Students that participate fully in this course will be able to 1) discuss basic philosophies of classification and the relationship between classification and nomenclature; 2) read and interpret phylogenetic trees; 3) read papers dealing with taxonomy and phylogenetic analyses and comfortably discuss basic the content of such papers using terminology used in therein; 4) discuss species as the fundamental unit of biodiversity and the difference between species definitions and criteria used to delimit species; 5) compile the necessary information needed for a new species description; 6) prepare a floristic or faunal treatment; 7) understand responsibilities of collection management and curation; and 8) appreciate and use various software designed for specimen-based research.

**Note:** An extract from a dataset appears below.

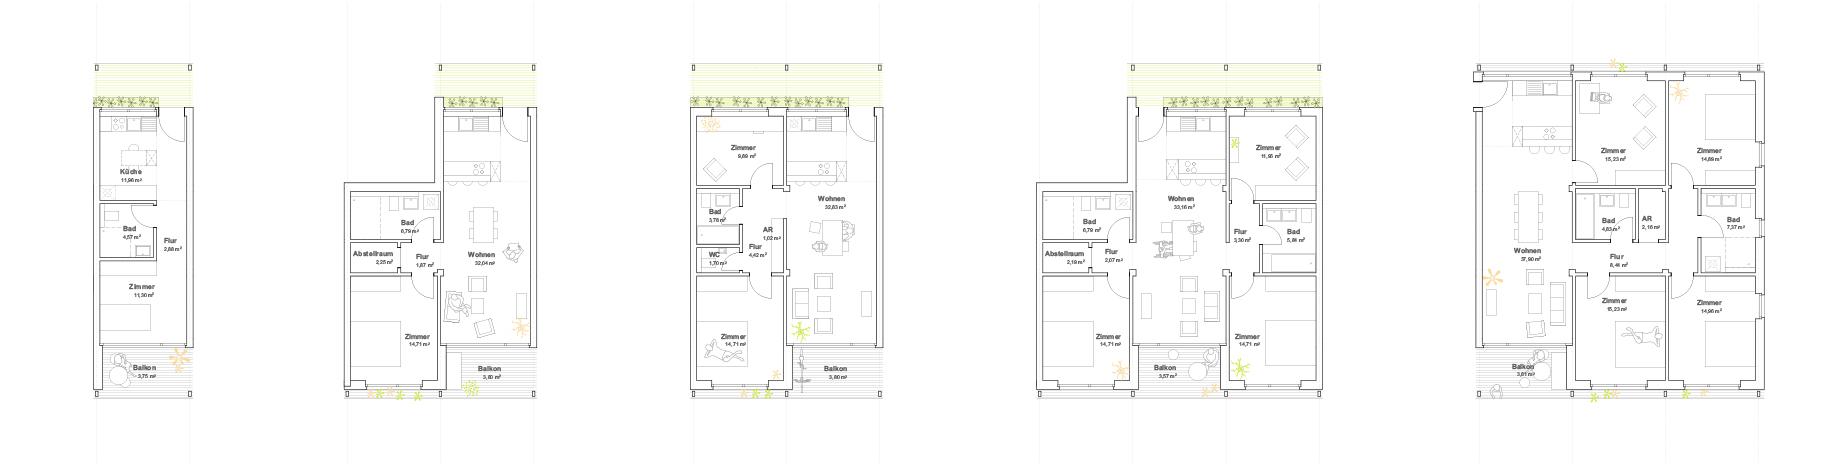 KUBIK-architektur-architecture-berlin-ESW-wohnungstypen

Biology 510 - Biological Systematics & Curation
Biology 512 surveys world wide diversity of flowering plant families with an emphasis on descriptive features, ecological and economic importance, and geographic distribution, all in a phylogenetic context (using the Angiosperm Phylogeny Group classification (AGPII). Flowering plant diversity, their evolutionary relationships, and philosophies underlying classification schemes are active areas of research and study. Background knowledge in these areas are as useful to comparative biologists, ethnobotanists, and ecologists as they are to evolutionary biologists and taxonomists.
Students who participate fully in this course will: 1) understand the foundation and rationale of higher-level classification schemes (including the system of Cronquist that was widely used in the late 20th century, and the contemporary system proposed by the Angiosperm Phylogeny Group); 2) gain familiarity with 100-130 families of flowering plants, their interrelationships, and their significant features; 3) better appreciate the importance of continued scientific exploration of angiosperm relationships and associated studies of ecology, economy, ethnobotany, and evolutionary processes; and 4) refine writing & research skills required in contemporary research & scholarly communication.